### Try it:
Copy out nothing but the line containing "Podstawowe wyposażenie związane" and the lines that follow it to the end of the entries, exactly as they stand.

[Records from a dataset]

____

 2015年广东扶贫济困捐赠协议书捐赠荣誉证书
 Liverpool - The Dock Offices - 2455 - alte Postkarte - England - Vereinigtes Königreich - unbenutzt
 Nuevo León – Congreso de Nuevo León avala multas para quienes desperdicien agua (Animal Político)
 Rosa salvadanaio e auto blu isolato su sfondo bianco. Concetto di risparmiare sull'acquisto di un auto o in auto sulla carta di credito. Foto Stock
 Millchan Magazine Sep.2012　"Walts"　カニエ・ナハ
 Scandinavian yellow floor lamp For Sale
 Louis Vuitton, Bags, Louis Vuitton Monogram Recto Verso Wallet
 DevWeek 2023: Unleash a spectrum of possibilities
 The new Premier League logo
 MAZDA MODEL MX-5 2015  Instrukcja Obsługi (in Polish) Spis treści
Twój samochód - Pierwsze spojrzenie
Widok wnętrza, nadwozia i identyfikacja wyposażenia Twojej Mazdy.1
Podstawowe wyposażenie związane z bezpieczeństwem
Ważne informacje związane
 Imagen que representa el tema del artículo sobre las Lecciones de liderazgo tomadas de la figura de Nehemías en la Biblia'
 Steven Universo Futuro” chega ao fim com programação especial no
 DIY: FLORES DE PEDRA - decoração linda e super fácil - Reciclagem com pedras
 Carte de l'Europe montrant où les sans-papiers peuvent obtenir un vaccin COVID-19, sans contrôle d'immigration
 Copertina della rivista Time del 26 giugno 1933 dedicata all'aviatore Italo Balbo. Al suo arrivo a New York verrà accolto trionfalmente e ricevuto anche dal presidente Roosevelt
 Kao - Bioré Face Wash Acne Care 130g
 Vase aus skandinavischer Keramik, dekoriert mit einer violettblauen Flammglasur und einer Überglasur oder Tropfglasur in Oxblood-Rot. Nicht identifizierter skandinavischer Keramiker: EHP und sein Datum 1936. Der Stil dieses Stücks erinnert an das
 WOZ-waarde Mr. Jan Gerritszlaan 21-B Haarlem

____

### Response below:
Podstawowe wyposażenie związane z bezpieczeństwem
Ważne informacje związane
 Imagen que representa el tema del artículo sobre las Lecciones de liderazgo tomadas de la figura de Nehemías en la Biblia'
 Steven Universo Futuro” chega ao fim com programação especial no
 DIY: FLORES DE PEDRA - decoração linda e super fácil - Reciclagem com pedras
 Carte de l'Europe montrant où les sans-papiers peuvent obtenir un vaccin COVID-19, sans contrôle d'immigration
 Copertina della rivista Time del 26 giugno 1933 dedicata all'aviatore Italo Balbo. Al suo arrivo a New York verrà accolto trionfalmente e ricevuto anche dal presidente Roosevelt
 Kao - Bioré Face Wash Acne Care 130g
 Vase aus skandinavischer Keramik, dekoriert mit einer violettblauen Flammglasur und einer Überglasur oder Tropfglasur in Oxblood-Rot. Nicht identifizierter skandinavischer Keramiker: EHP und sein Datum 1936. Der Stil dieses Stücks erinnert an das
 WOZ-waarde Mr. Jan Gerritszlaan 21-B Haarlem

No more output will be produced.